Baseband vs. Broadband Data signals can be sent over a network cable in one of two ways: broadband or baseband. One good example of broadband signaling would be how you view different channels through your cable box and a signal coaxial cable carrying multiple signals in cable television.
Whereas, baseband signaling only sends a single signal over the cable. This type of signaling is typically used in Ethernet networks, with the exception of 10Broad3 standard (rarely used). Baseband uses very simple transceiver devices that send and receive signals on a cable. The simplicity behind baseband signaling is that only three states need to be distinquished: one, zero and idle. Broadband transceivers are much more complex because they must be able to distinquish those same states, but on multiple channels within the same cable. Because of its simplicity, baseband signaling is used on most Ethernet networks.
Type of topology: Network topology is the physical interconnections of the elements (links, nodes, etc.) of a computer network. A local area network (LAN) is one example of a network that exhibits both a physical topology and a logical topology. Any given node in the LAN has one or more links to one or more other nodes in the network and the mapping of these links and nodes in a graph results in a geometrical shape that may be used to describe the physical topology of the network. Likewise, the mapping of the data flows between the nodes in the network determines the logical topology of the network. The physical and logical topologies may or may not be identical in any particular network. Any particular network topology is determined only by the graphical mapping of the configuration of physical and/or logical connections between nodes. The study of network topology uses graph theory. Distances between nodes, physical interconnections, transmission rates, and/or signal types may differ in two networks and yet their topologies may be identical.
There are also three basic categories of network topologies: • physical topologies • signal topologies • logical topologies
The terms signal topology and logical topology are often used interchangeably, though there is a subtle difference between the two.
Physical topologies The mapping of the nodes of a network and the physical connections between them – i.e., the layout of wiring, cables, the locations of nodes, and the interconnections between the nodes and the cabling or wiring system.
Classification of physical topologies
Point-to-point The simplest topology is a permanent link between two endpoints (the line in the illustration above). Switched point-to-point topologies are the basic model of conventional telephony. The value of a permanent point-to-point network is the value of guaranteed, or nearly so, communications between the two endpoints. The value of an on-demand point-to-point connection is proportional to the number of potential pairs of subscribers, and has been expressed as Metcalfe's Law.
Permanent (dedicated) Easiest to understand, of the variations of point-to-point topology, is a point-to-point communications channel that appears, to the user, to be permanently associated with the two endpoints. Children's "tin-can telephone" is one example, with a microphone to a single public address speaker is another. These are examples of physical dedicated channels. Within many switched telecommunications systems, it is possible to establish a permanent circuit. One example might be a telephone in the lobby of a public building, which is programmed to ring only the number of a telephone dispatcher. "Nailing down" a switched connection saves the cost of running a physical circuit between the two points. The resources in such a connection can be released when no longer needed, for example, a television circuit from a parade route back to the studio.
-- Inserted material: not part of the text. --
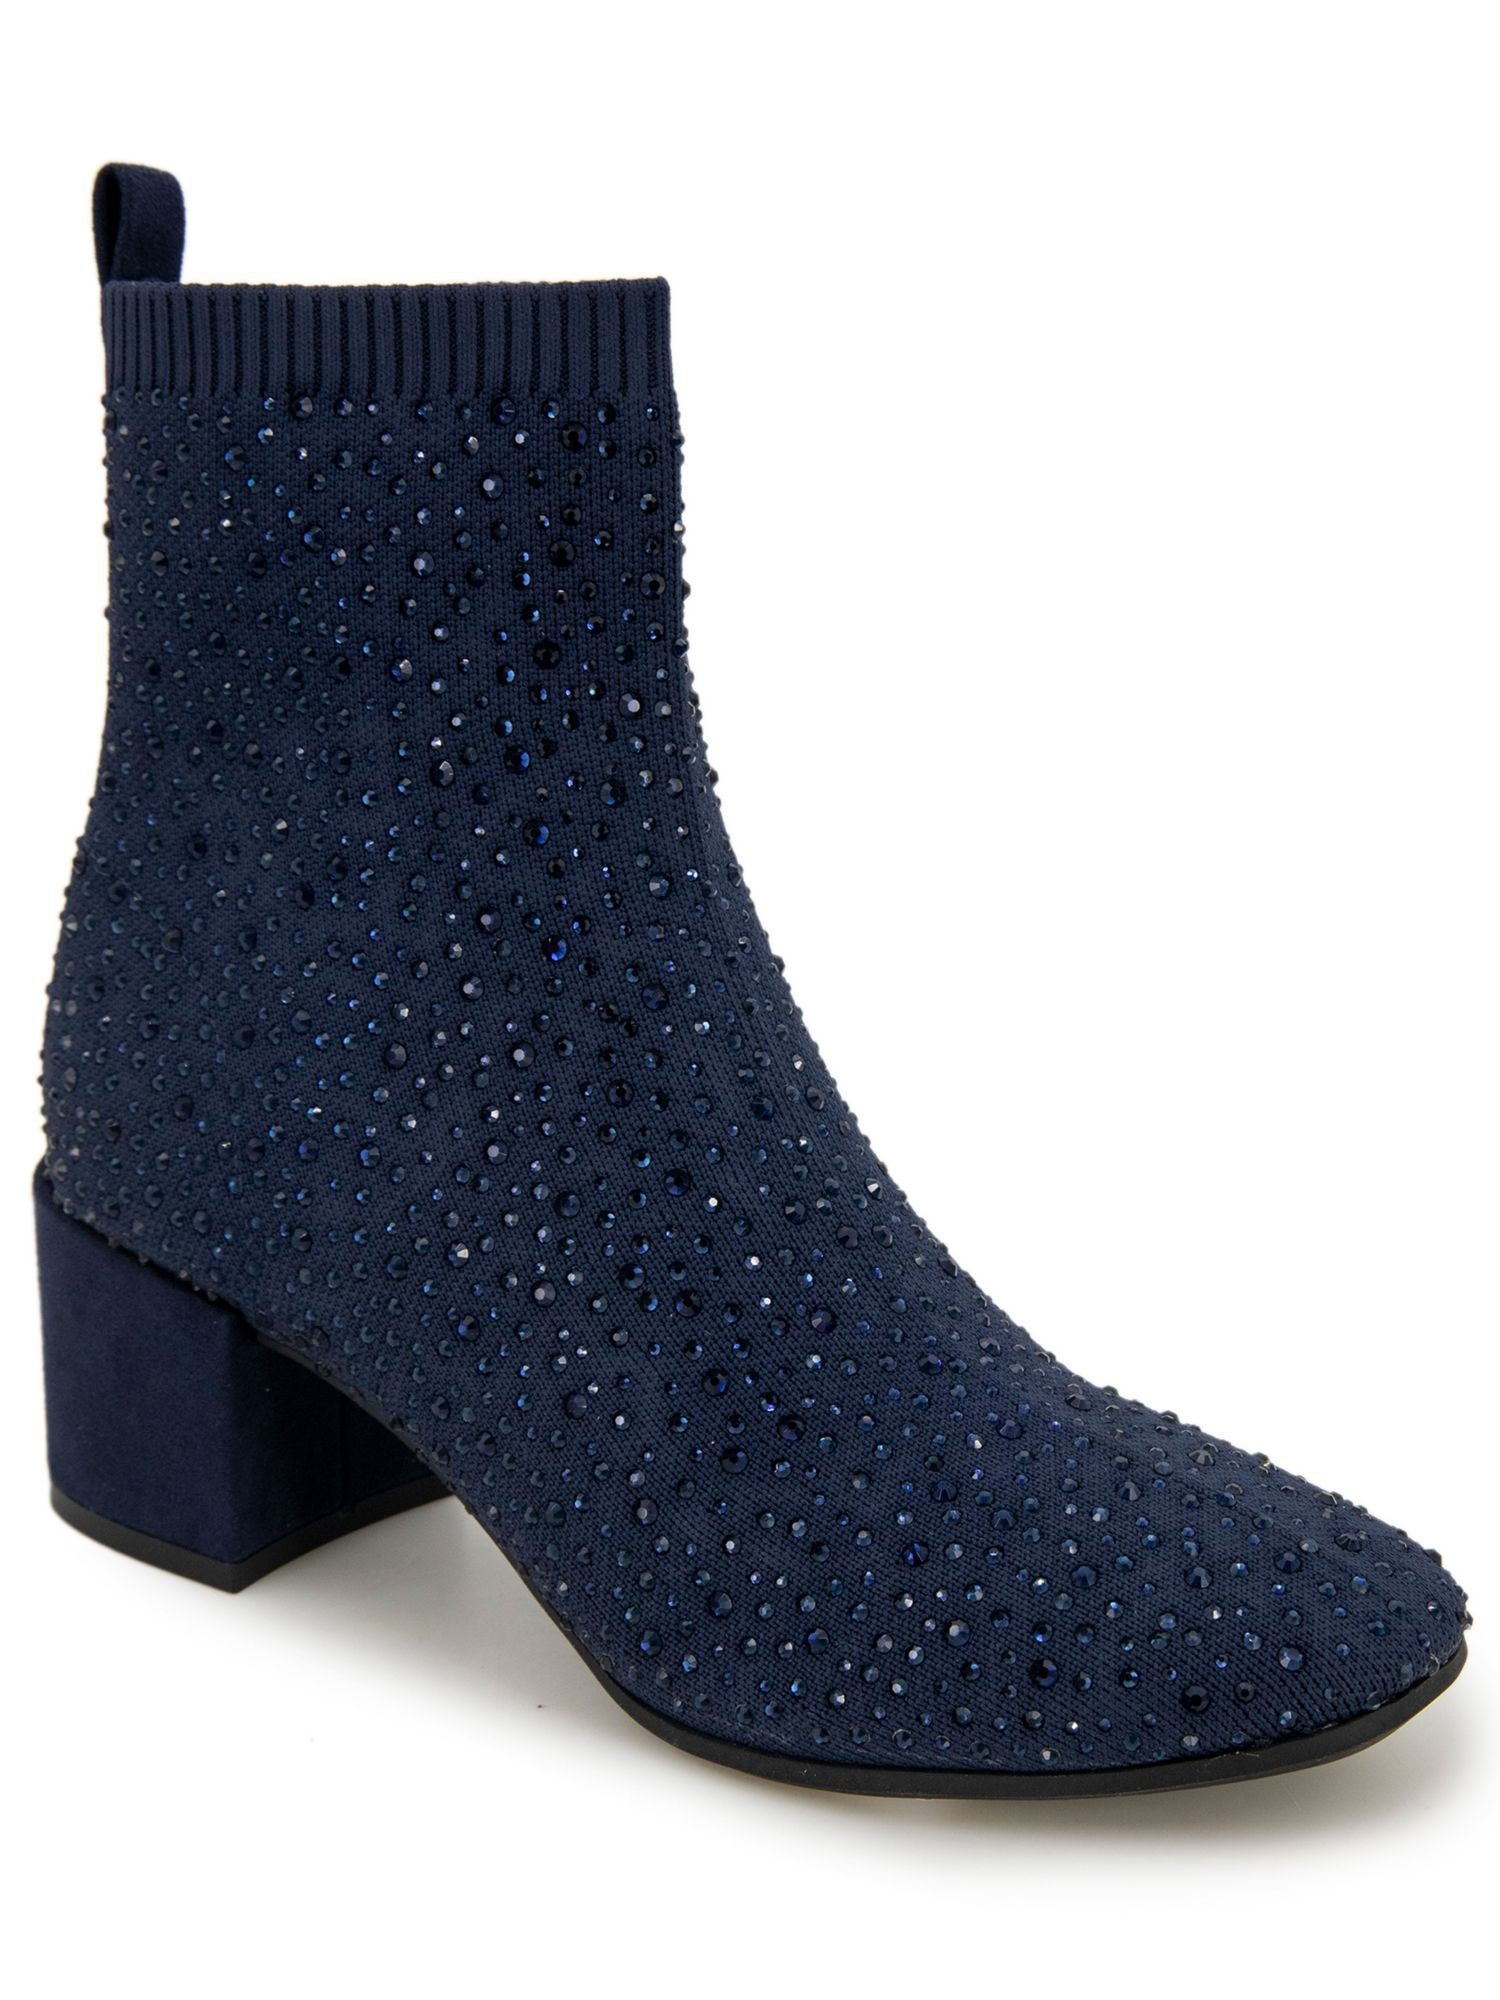 Kenneth Cole REACTION REACTION KENNETH COLE Womens Navy Embellished Stretch Rida Round Toe Block Heel Dress Booties 9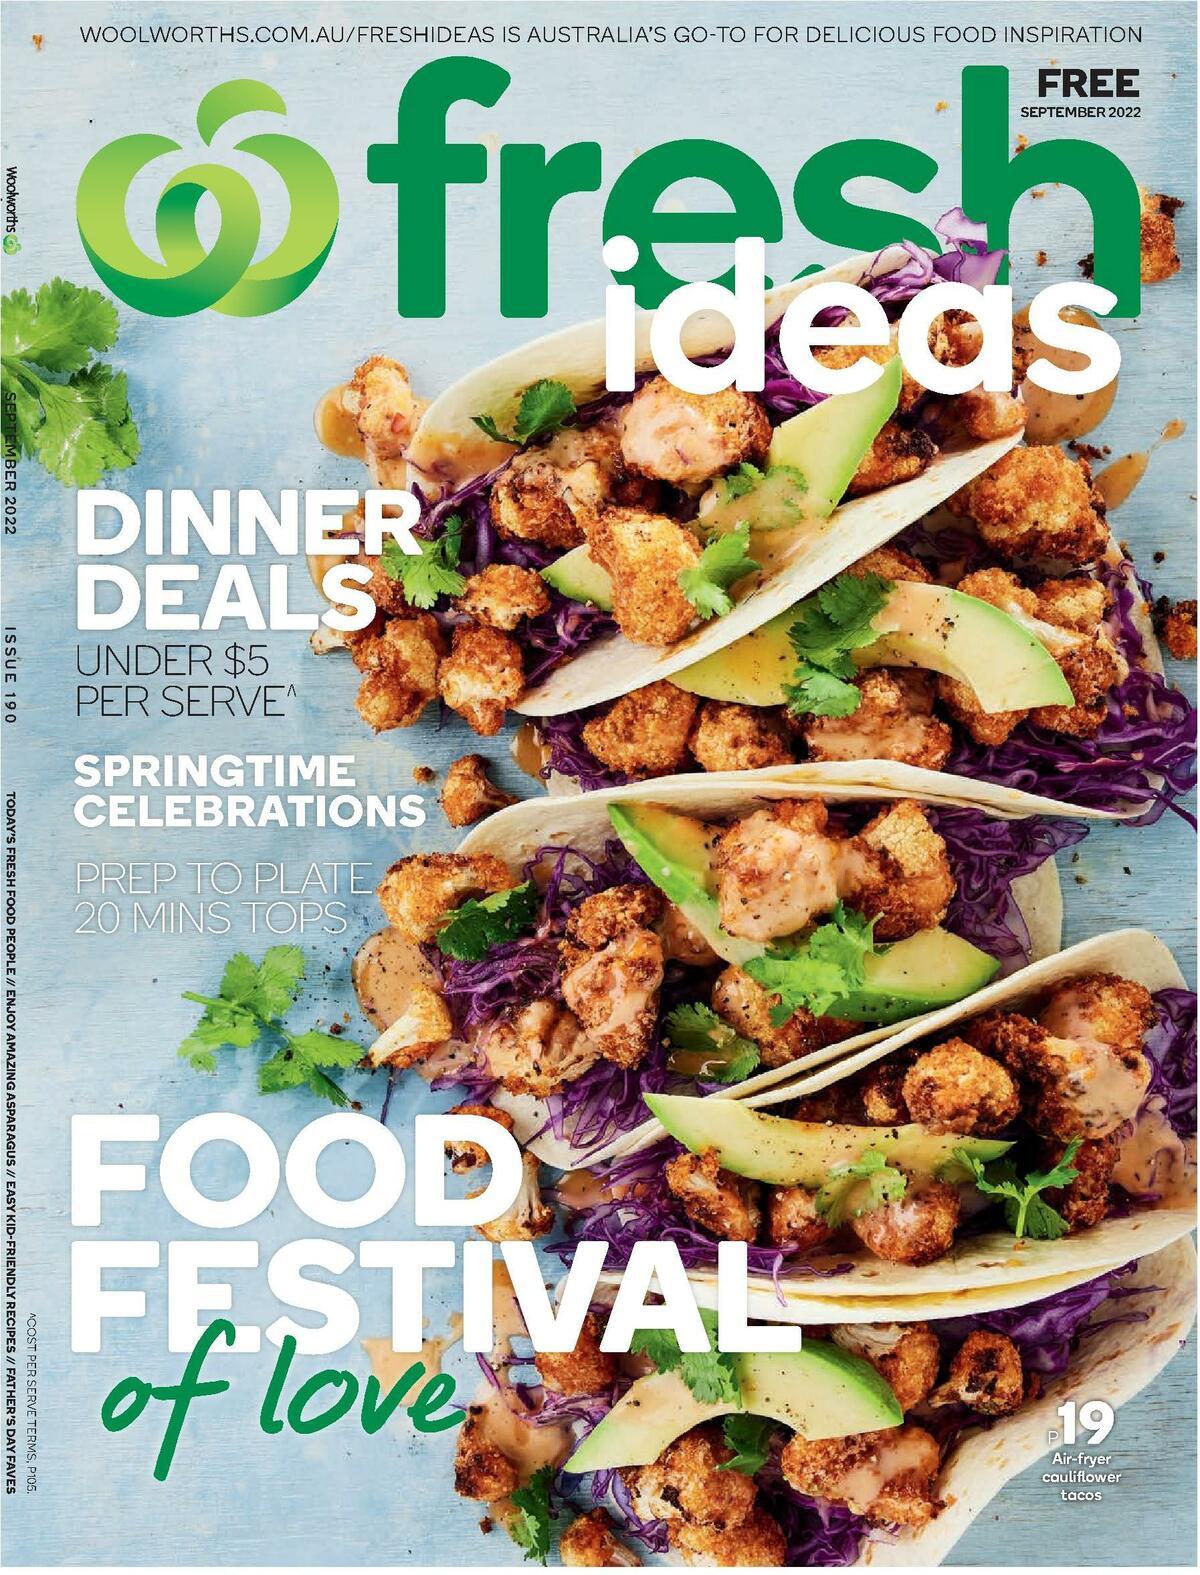 Woolworths Fresh Ideas Magazine September Catalogues from 1 September

Switched: Using circuit-switching or packet-switching technologies, a point-to-point circuit can be set up dynamically, and dropped when no longer needed. This is the basic mode of conventional telephony.
Bus network topology In local area networks where bus technology is used, each machine is connected to a single cable. Each computer or server is connected to the single bus cable through some kind of connector. A terminator is required at each end of the bus cable to prevent the signal from bouncing back and forth on the bus cable. A signal from the source travels in both directions to all machines connected on the bus cable until it finds the MAC address or IP address on the network that is the intended recipient. If the machine address does not match the intended address for the data, the machine ignores the data. Alternatively, if the data does match the machine address, the data is accepted. Since the bus topology consists of only one wire, it is rather inexpensive to implement when compared to other topologies. However, the low cost of implementing the technology is offset by the high cost of managing the network. Additionally, since only one cable is utilized, it can be the single point of failure. If the network cable breaks, the entire network will be down, since there is only one cable. Since there is one cable, the transfer speeds between the computers on the network is faster.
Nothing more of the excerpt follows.